See the full setup walkthroughs in Integrations.

My Connectors

/my-connectors manages personal credentials that agents use to act on your behalf — your inbox, your JIRA tickets, your repositories. It sits in the admin group in the sidebar, and each user manages only their own connectors.

  • + Add Connector supports Outlook / Microsoft 365, Slack (identity linking for reliable message routing), JIRA (personal API token), Gmail and GitHub.
  • Each connector card shows a type badge, Active/Inactive status and a token-health badge (Connected, Session Expired, Disconnected), with Test, Reconnect / Authorise and Disconnect / Remove actions.
  • Outlook connectors expose a per-action permission list (read email, read/write calendar, read/write To-Do, OneNote, OneDrive, send email) colour-coded by risk level; Manage Permissions edits the allowed set. Gmail connectors show their allowed actions the same way.
  • Cards show the linked account (Microsoft email, Google email, Slack user and workspace ID, GitHub username) and when the connector was last used.

MCP Servers

/mcp-servers brings third-party tools into EnClaw via the Model Context Protocol. Each registered server's tools become available to agents, namespaced as mcp__<slug>__<tool>, subject to RBAC scope.

  • Add MCP server captures name, description, URL, transport (streamable HTTP or SSE), auth (none, bearer token or custom headers) and scope — personal, team or org (new servers default to org so their tools reach every agent). An optional allowed-tools list restricts which of the server's tools are exposed.
  • Each server card shows a sync-status badge (pending / ok / error), scope badge, slug, transport, auth type, tool count and last-sync time, with any last sync error surfaced inline.
  • Test checks connectivity and reports the server name, version and protocol version. Sync pulls the server's tool list. Tools expands an inline table of tool name, namespaced name and description.
  • Edit and Delete round out the card actions; deleting a server also drops all of its discovered tools.

LLM Providers

/llm-providers configures the AI model providers your agents run on.
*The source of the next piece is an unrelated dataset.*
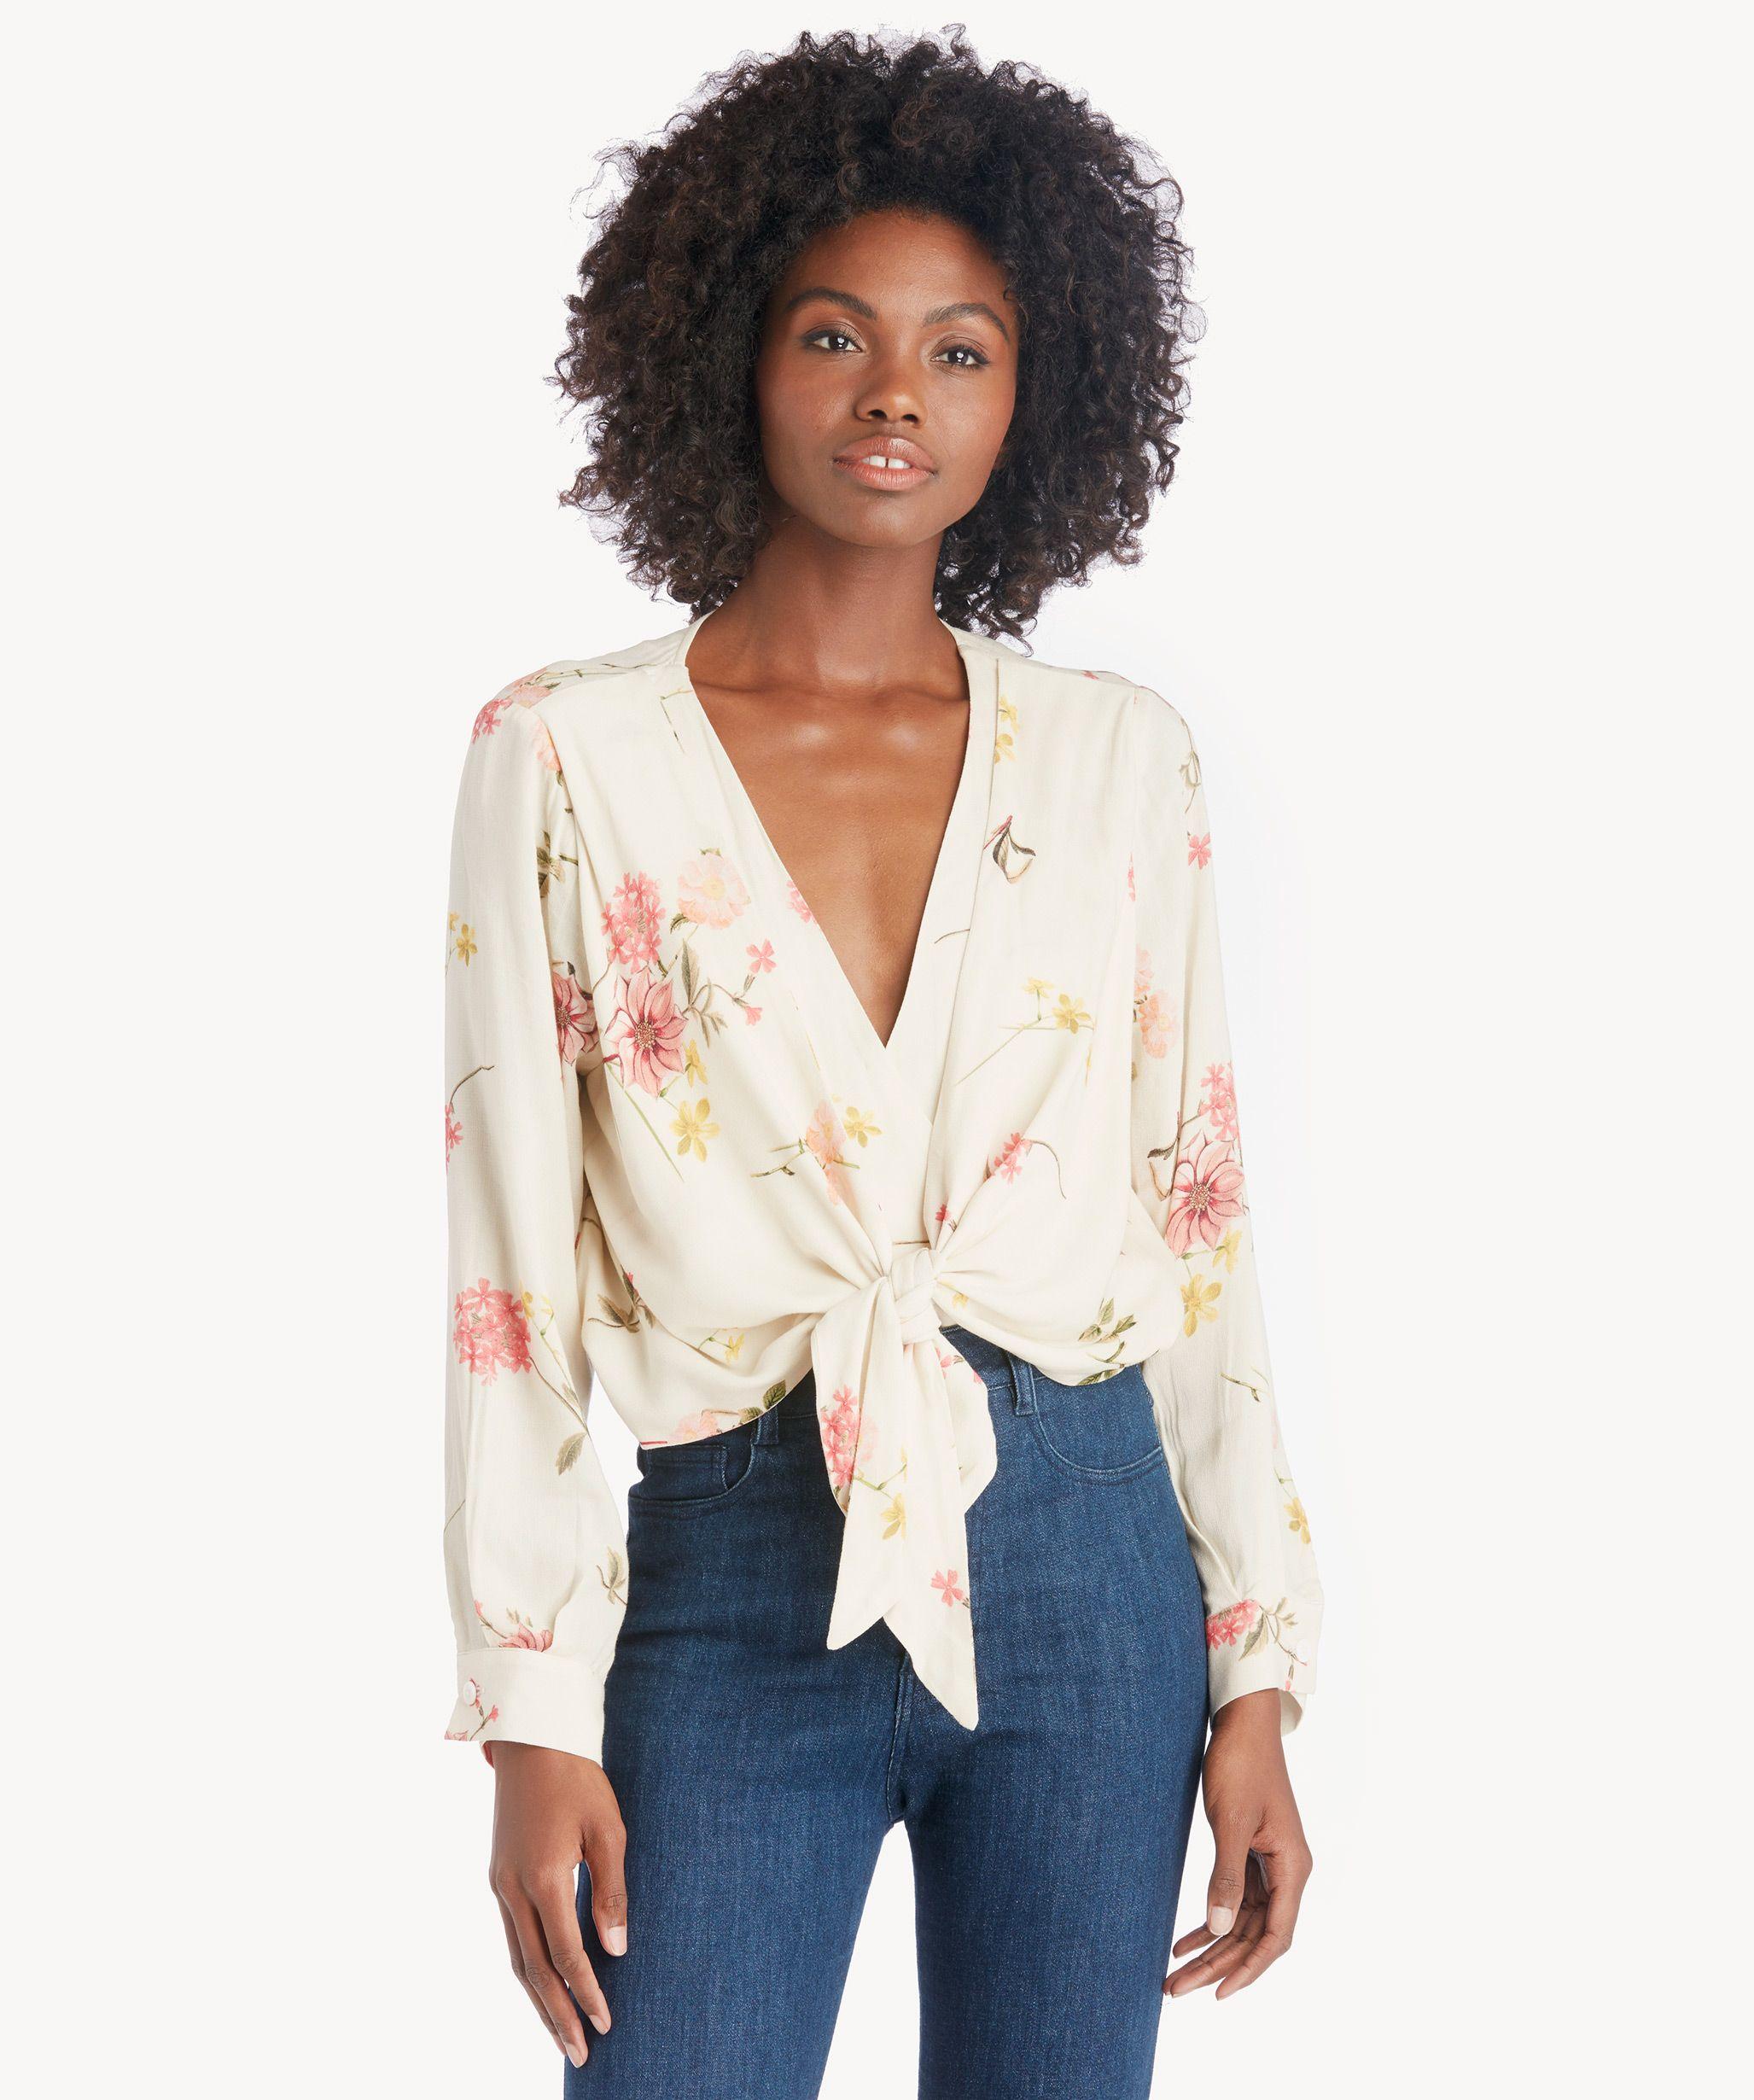 Capulet Women s Daria Bodysuit In Color  Cream Floral  fcb659d348

  • Add Provider supports Anthropic, OpenAI, Azure OpenAI, Azure AI Foundry, Google AI, DeepSeek, Ollama (local), LM Studio (local), AWS Bedrock and Custom / OpenAI-compatible endpoints.
  • The form adapts per type: API key and base URL for most providers, deployment name and API version for Azure OpenAI, region and model ID for Bedrock. Local providers (Ollama, LM Studio) skip the API key.
  • The Default Model / Deployment Name picker combines a static default catalogue with a Refresh button that fetches the live model list from the provider using your key.
  • A provider can be marked as the org default, and a platform operator can additionally publish a provider as an instance-wide default available to all tenants.
  • Editing keeps the saved API key unless you enter a new one; Test verifies connectivity and model health, including a sample prompt/response.

See LLM Providers for provider-specific setup detail.